• _EXERCISE DETAILS_: Which lines run from the one containing "Iraqi civilians and" through the end of the data? Write them out exactly, with the pictures left out.

• _DATA SEGMENT_:

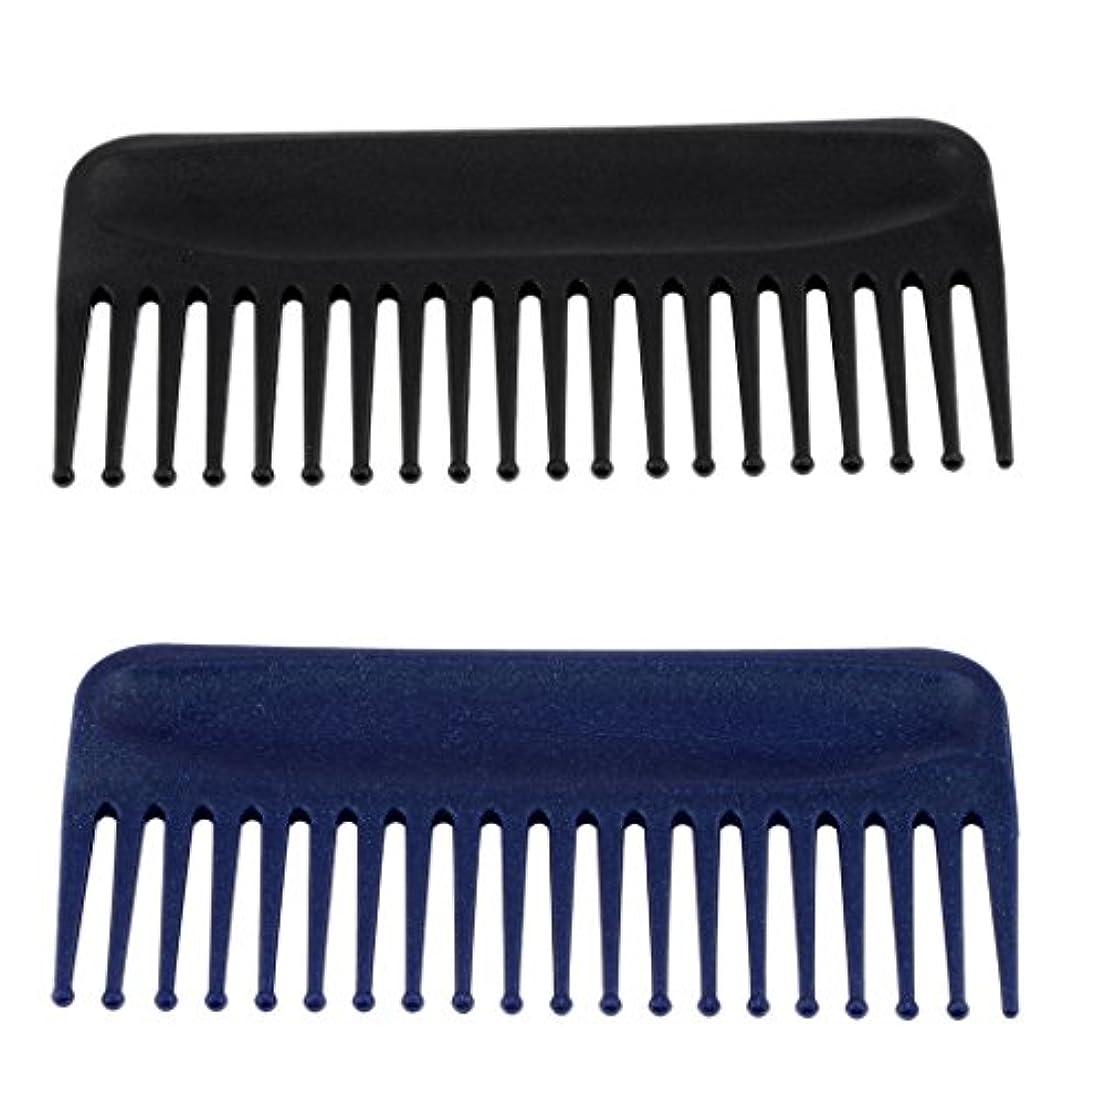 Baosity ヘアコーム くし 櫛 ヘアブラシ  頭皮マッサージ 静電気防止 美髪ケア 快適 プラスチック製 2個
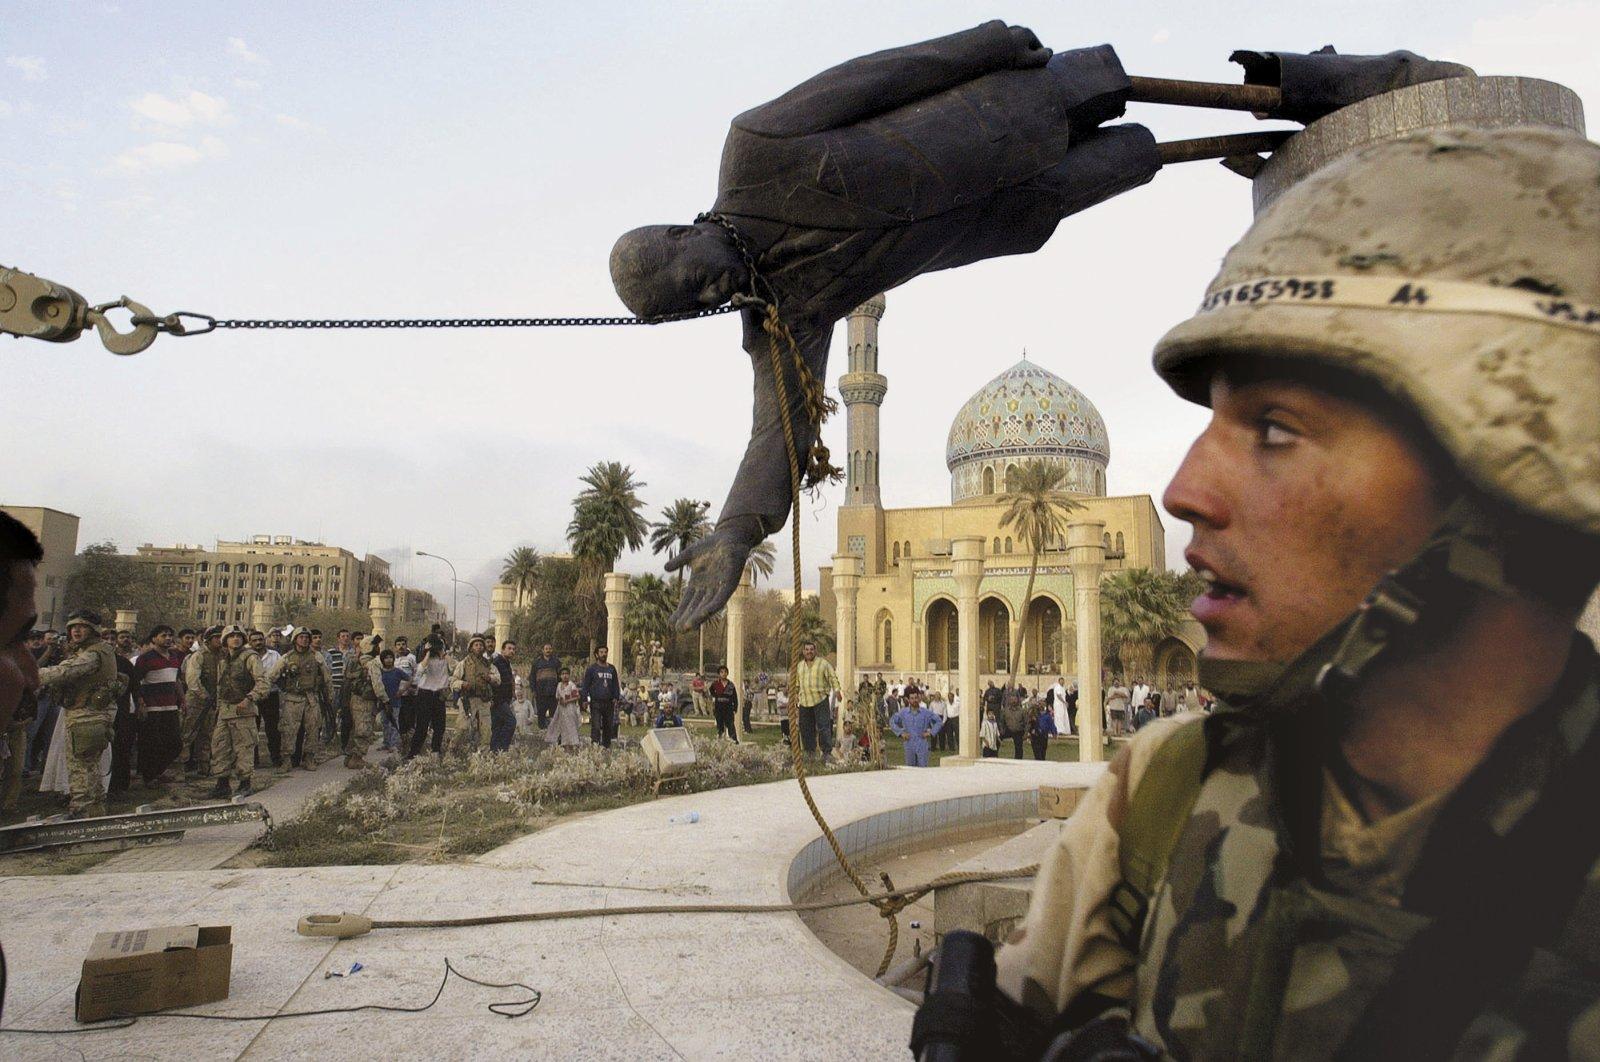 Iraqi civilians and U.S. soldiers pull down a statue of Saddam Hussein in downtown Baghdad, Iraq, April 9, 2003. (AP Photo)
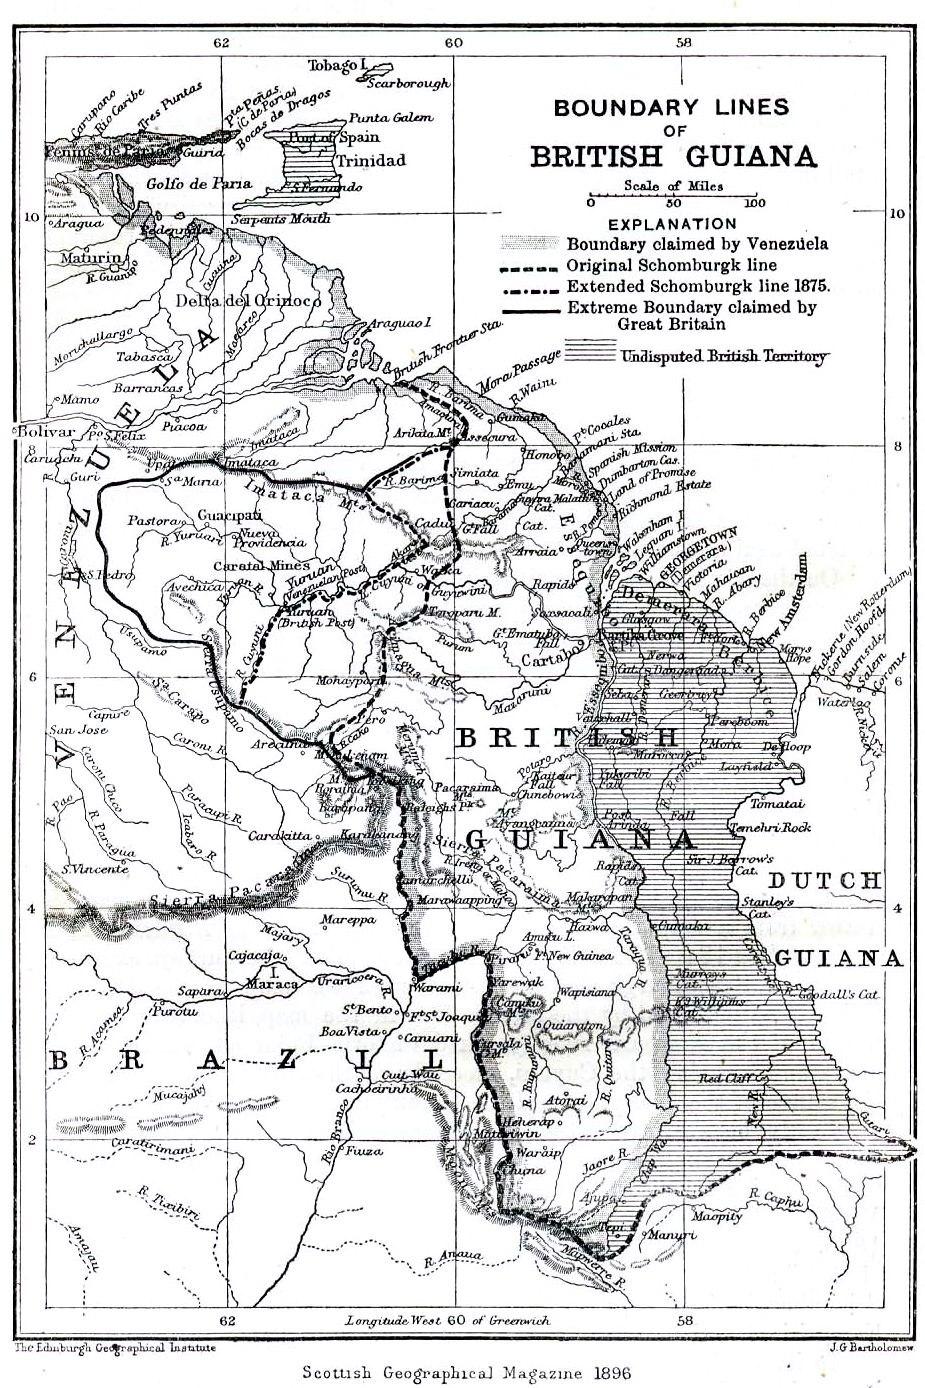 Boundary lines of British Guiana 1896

• _WRITTEN SOLUTION_:
 Iraqi civilians and U.S. soldiers pull down a statue of Saddam Hussein in downtown Baghdad, Iraq, April 9, 2003. (AP Photo)
 Boundary lines of British Guiana 1896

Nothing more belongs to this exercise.